I understand that list does not understand .split but i don't know what else to do. Below is a copy paste of the relevant part of my code.
tourl = 'http://data.bitcoinity.org/chart_data'
tovalues = {'timespan':'24h','resolution':'hour','currency':'USD','exchange':'all','mining_pool':'all','compare':'no','data_type':'price_volume','chart_type':'line_bar','smoothing':'linear','chart_types':'ccacdfcdaa'}
todata = urllib.urlencode(tovalues)
toreq = urllib2.Request(tourl, todata)
tores = urllib2.urlopen(toreq)
tores2 = tores.read()
tos = json.loads(tores2)
tola = tos["data"]
for item in tola:
ting = item.get("values")
ting.split(',')[2] <-----ERROR
print(ting)
To understand what i'm trying to do you will also need to see the json data. Ting outputs this:
[
[1379955600000L, 123.107310846774], [1379959200000L, 124.092526428571],
[1379962800000L, 125.539504822835], [1379966400000L, 126.27024617931],
[1379970000000L, 126.723474983766], [1379973600000L, 126.242406356837],
[1379977200000L, 124.788410570987], [1379980800000L, 126.810084904632],
[1379984400000L, 128.270580796748], [1379988000000L, 127.892411269036],
[1379991600000L, 126.140579640523], [1379995200000L, 126.513705084746],
[1379998800000L, 128.695124951923], [1380002400000L, 128.709738051044],
[1380006000000L, 125.987767097378], [1380009600000L, 124.323433535528],
[1380013200000L, 123.359378559603], [1380016800000L, 125.963250678733],
[1380020400000L, 125.074618194444], [1380024000000L, 124.656345088853],
[1380027600000L, 122.411303435449], [1380031200000L, 124.145747100372],
[1380034800000L, 124.359452274881], [1380038400000L, 122.815357211394],
[1380042000000L, 123.057706915888]
]
[
[1379955600000L, 536.4739135], [1379959200000L, 1235.42506637],
[1379962800000L, 763.16329656], [1379966400000L, 804.04579319],
[1379970000000L, 634.84689741], [1379973600000L, 753.52716718],
[1379977200000L, 506.90632968], [1379980800000L, 494.473732950001],
[1379984400000L, 437.02095093], [1379988000000L, 176.25405034],
[1379991600000L, 319.80432715], [1379995200000L, 206.87212398],
[1379998800000L, 638.47226435], [1380002400000L, 438.18036666],
[1380006000000L, 512.68490443], [1380009600000L, 904.603705539997],
[1380013200000L, 491.408088450001], [1380016800000L, 670.275397960001],
[1380020400000L, 767.166941339999], [1380024000000L, 899.976089609997],
[1380027600000L, 1243.64963909], [1380031200000L, 1508.82429811],
[1380034800000L, 1190.18854705], [1380038400000L, 546.504592349999],
[1380042000000L, 206.84883264]
]
And ting[0] outputs this:
[1379955600000L, 123.187067936508]
[1379955600000L, 536.794013499999]
What i'm really trying to do is add up the values from ting[0-24] that comes AFTER the second comma. This made me try to do a split but that does not work
You already have a list; the commas are put there by Python to delimit the values only when printing the list.

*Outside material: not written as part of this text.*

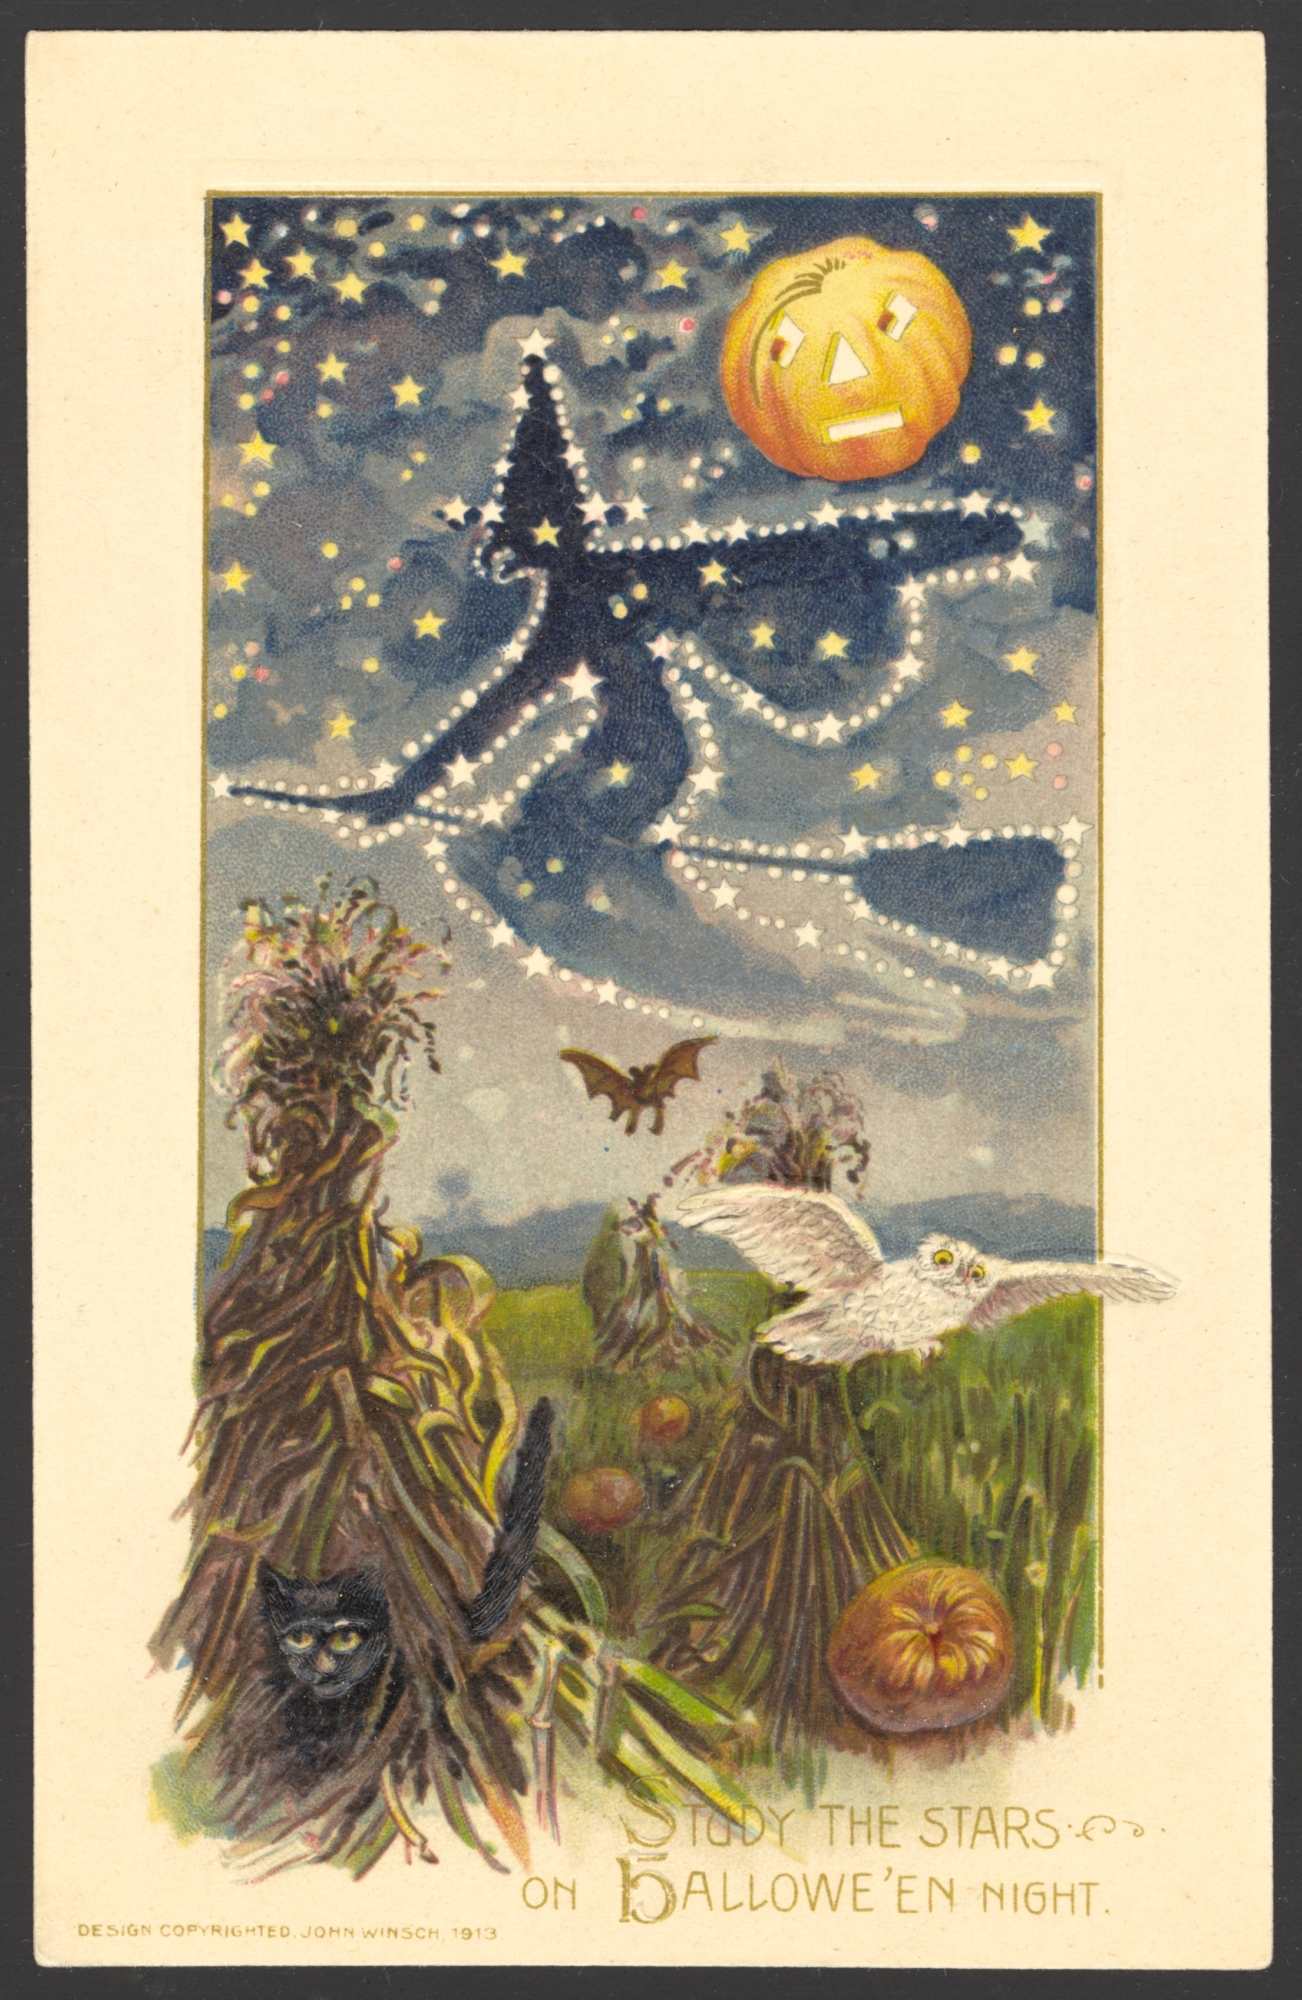 Winsch Halloween Postcard copyright 1913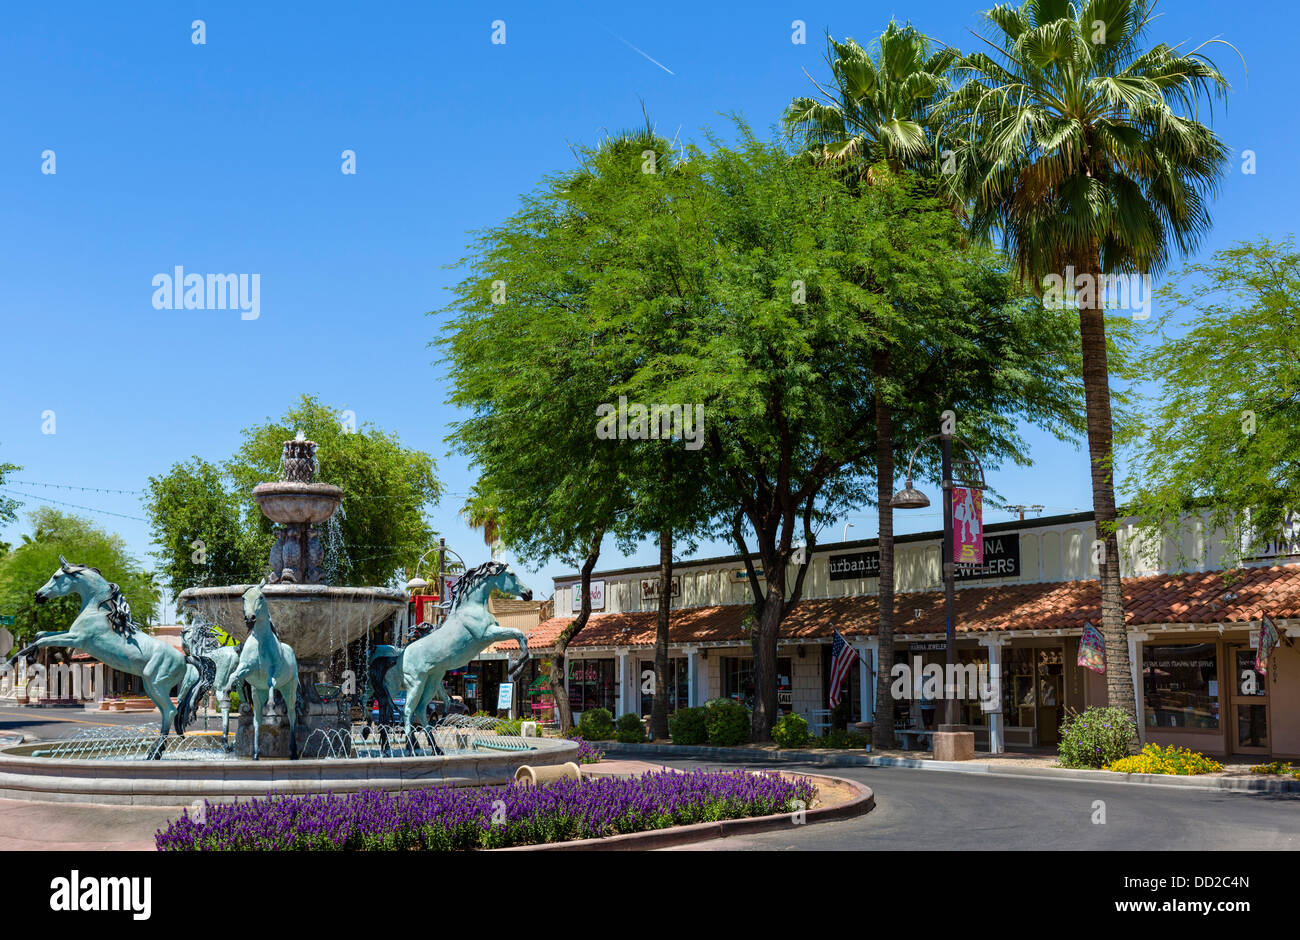 Las tiendas de la Quinta Avenida, el distrito de compras, de Scottsdale, Arizona, EE.UU. Foto de stock

Just access element 2 directly:
print ting[2]
This prints:
[1379962800000, 125.539504822835]
Each of the entries in item['values'] (so ting) is a list of two float values, so you can address each of those with index 0 and 1:
>>> print ting[2][0]
1379962800000
>>> print ting[2][1]
125.539504822835
To get a list of all the second values, you could use a list comprehension:
second_vals = [t[1] for t in ting]
When you load the data with json.loads, it is already parsed into a real list that you can slice and index as normal. If you want the data starting with the third element, just use ting[2:]. (If you just want the third element by itself, just use ting[2].)